As Rome quietly crumbled, prudent men-of-affairs retreated to remote castles with such precious metals as they could hoard, gathering their retainers about them in anticipation of the feudal period to come. Byzantium prospered with Rome's decline, and Constantine issued a solid gold solidus to his troops, who became so identified with the coin that later generations of military men were called "soldiers."
In Britain, Gaul and Scandinavia cattle still comprised a currency that even a Caesar couldn't counterfeit. The wily barbarians, never too impressed by coinage, preferred to deal in metals by weight.
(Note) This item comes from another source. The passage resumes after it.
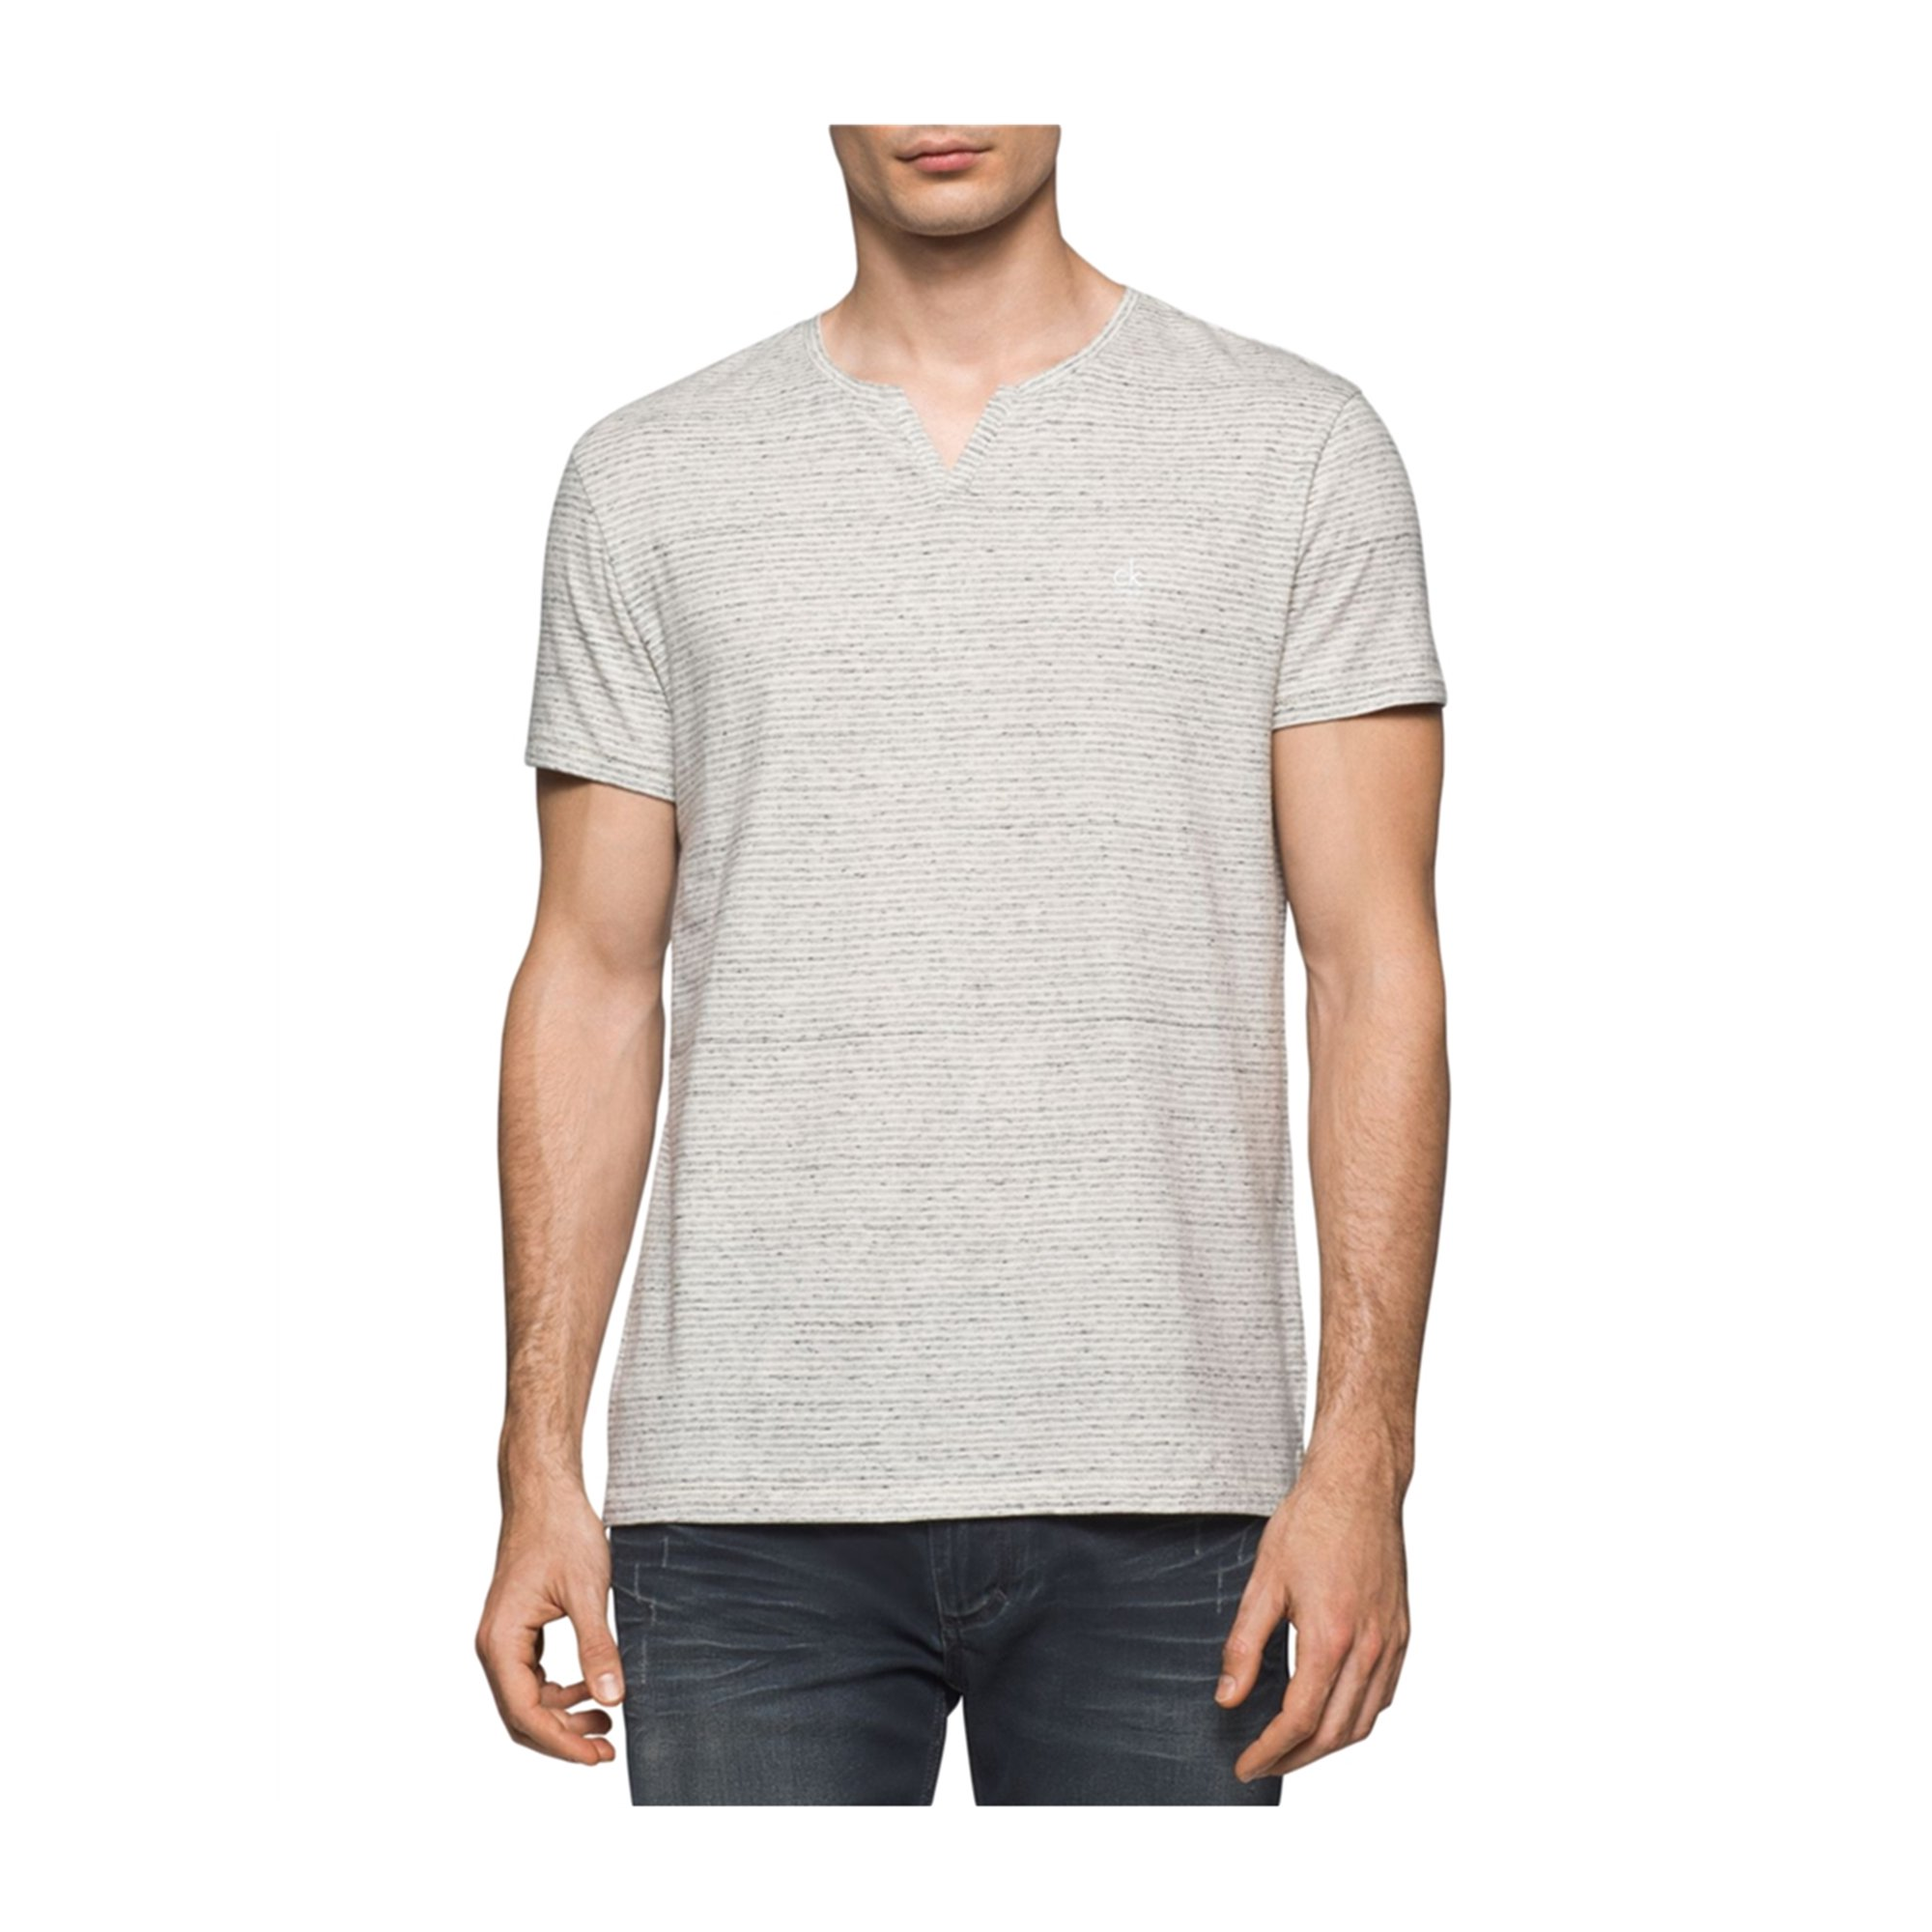 09999362e4a8 Calvin Klein Mens Heathered Striped Embellished T-Shirt white 2XL | Walmart  Canada

The Norsemen used a cow's ear, or öre, as a standard for weighing rings and coins, which they treated as bulk metal. The Roman libra pondo, or pound, was the unit of weight used by the British, and £, for libra, still serves as the symbol for the English pound note. The shilling was a scilling, or "a piece cut off" and tossed into the scales, while a coin was a cunens, or wedge, cut from a piece of metal money as a means of making change.
Among the earliest British coins were silver pennies minted during the hesitant reign of Aethelred the Unready, who used them to buy off the marauding Vikings. These coins were known by the Latin name of denarii, and d. still stands for pence in British currency. Crude by machine-age standards, the hand-stamped coins of the Middle Ages were seldom perfectly round. Irregular shapes were expected, and the unscrupulous were able to clip and file the edges of coins, and assemble hoards of silver. Though the culprit, when caught, had his right hand cut off in punishment, clipping became a favorite Medieval hobby. By the 1300s money metal was so scarce that kings were forced to borrow from Italian bankers, who charged an interest of 260 percent.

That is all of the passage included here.